Nigerian-American Christian musician (born 1982)

Anne Alaché Jon Ode (born November 5, 1982), who goes by the stage name Alaché, is a Nigerian-American Christian musician and Christian R&B recording artist from Fairfax, Virginia, who plays a Christian pop style of contemporary R&B and urban contemporary gospel music. She released, The Chronicles of the Mrs., an extended play, in 2015, with M.A.D.E. Entertainment.

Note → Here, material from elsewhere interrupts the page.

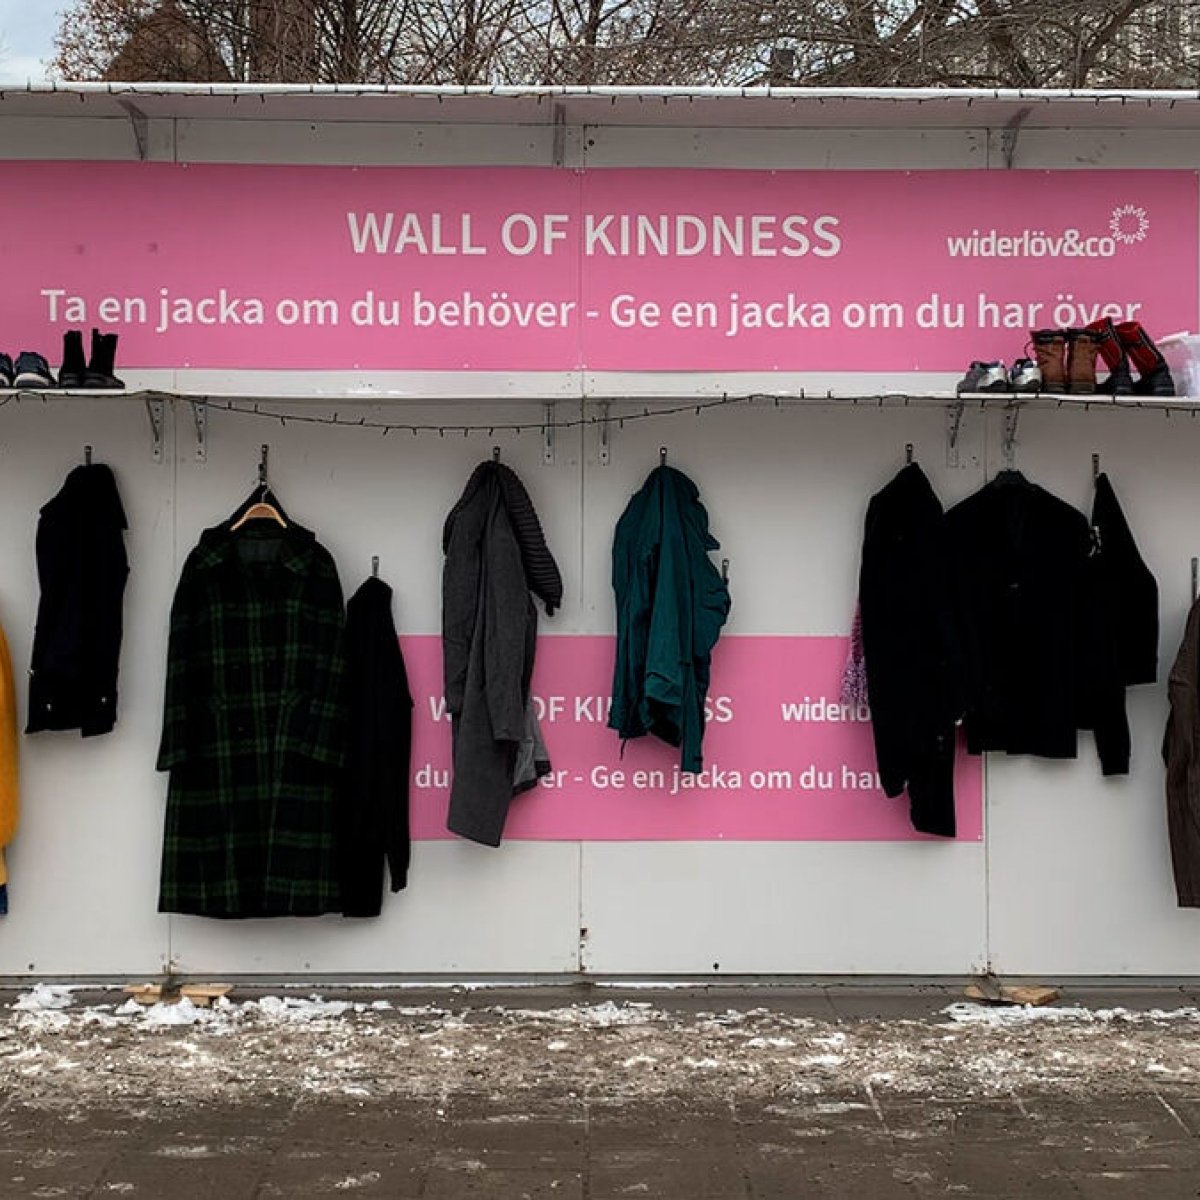 Cozy vibes alert! 🇸🇪 Sweden's 'Wall of Kindness' is like a giant hug—providing free winter coats for those in need! 🤗 Have spare coats? Drop them off and be a part of this feel-good wave! 🧤 #takeastep #coatsforall #kindnesswall #sustainablefuture
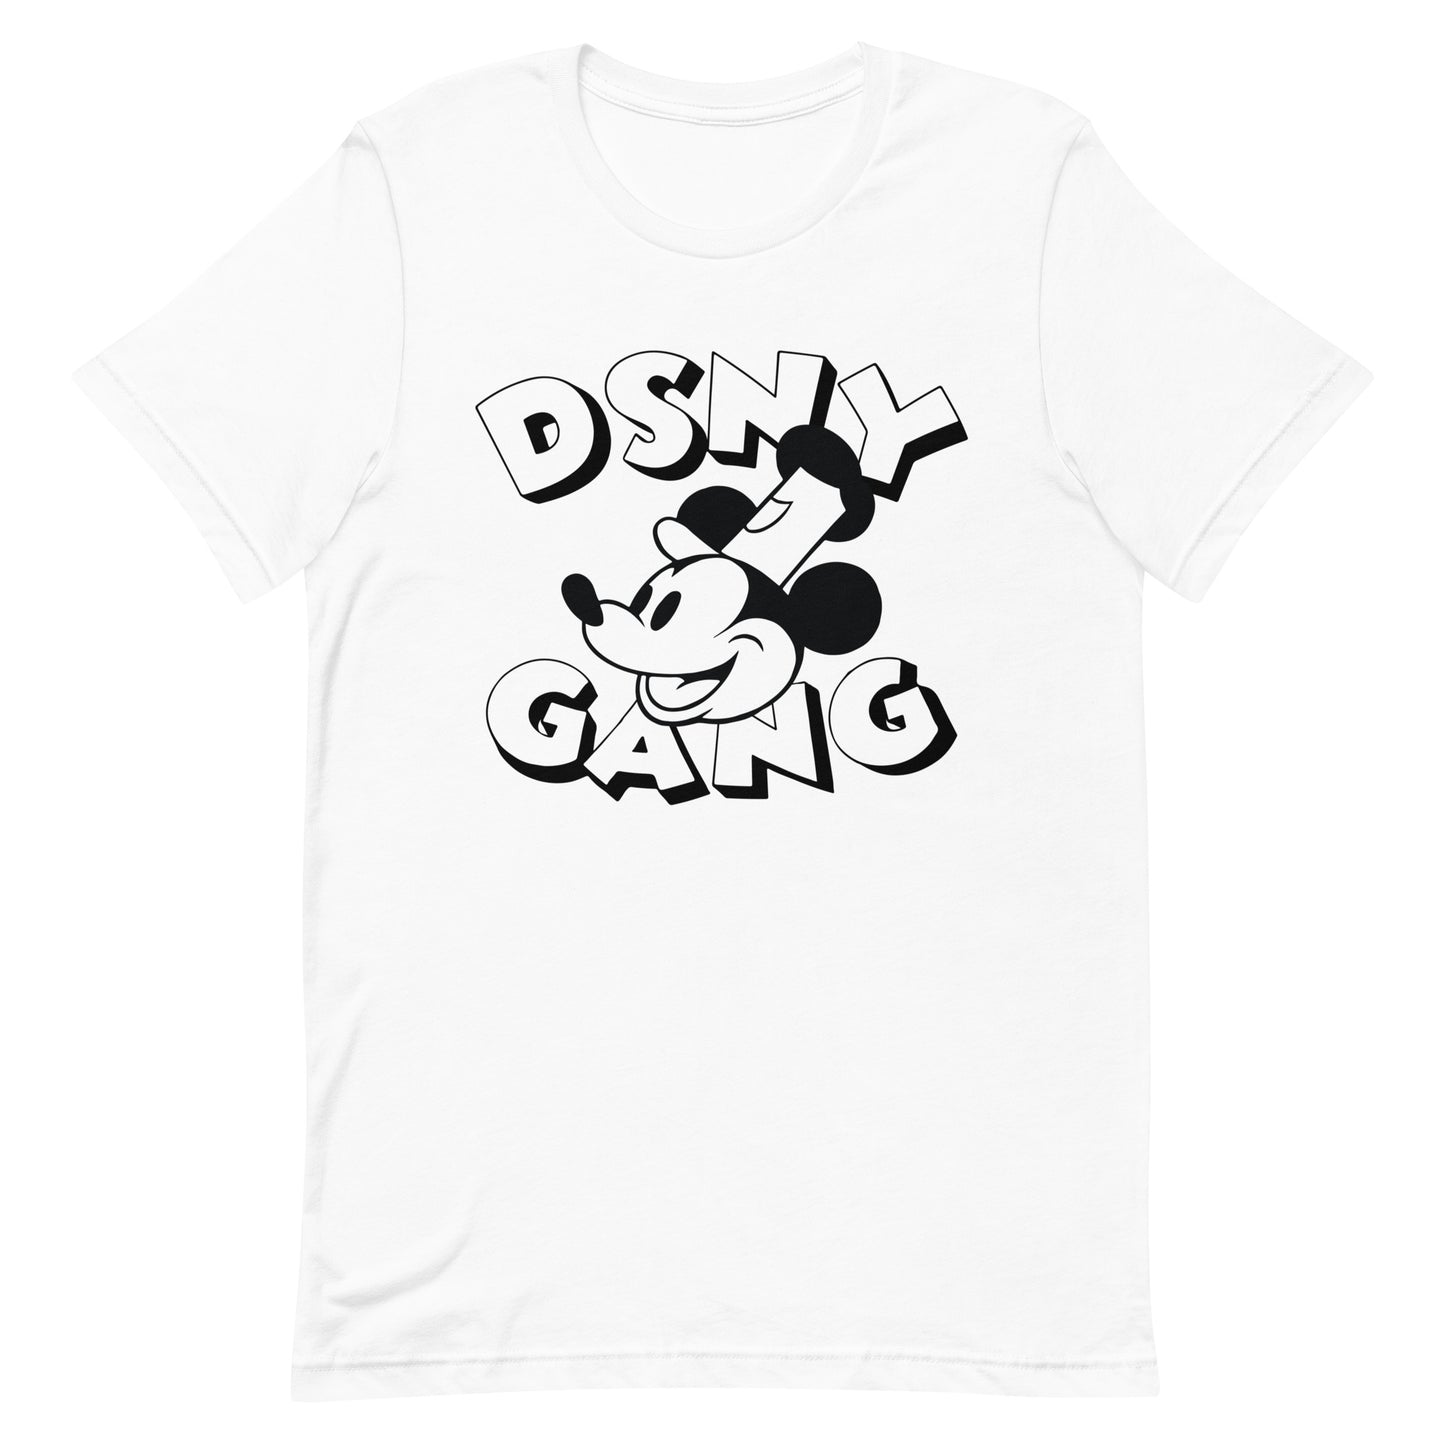 DSNY GANG Steamboat Willie Tee

==Early and personal life==
She was born, Anne Alaché Jon Ode, on November 5, 1982, in Nigeria, to an Air Force General father and a mother who is a fashion designer, while has since relocated to Fairfax, Virginia, where she is pursuing her music career and raising her two daughters with her husband, Audu Emmanuel Mark.

==Music career==
Her music recording career started in 2005, but she did not gain attention until 2015, with the extended play, The Chronicles of the Mrs., on November 27, 2015, from M.A.D.E. Entertainment. She has released one studio album, It Is What It Is: My Life, in 2006, with Naava Music.

==Discography==
- Studio albums
- It Is What It Is: My Life (2006, Naava)
- EPs
- The Chronicles of the Mrs. (November 27, 2015, M.A.D.E.)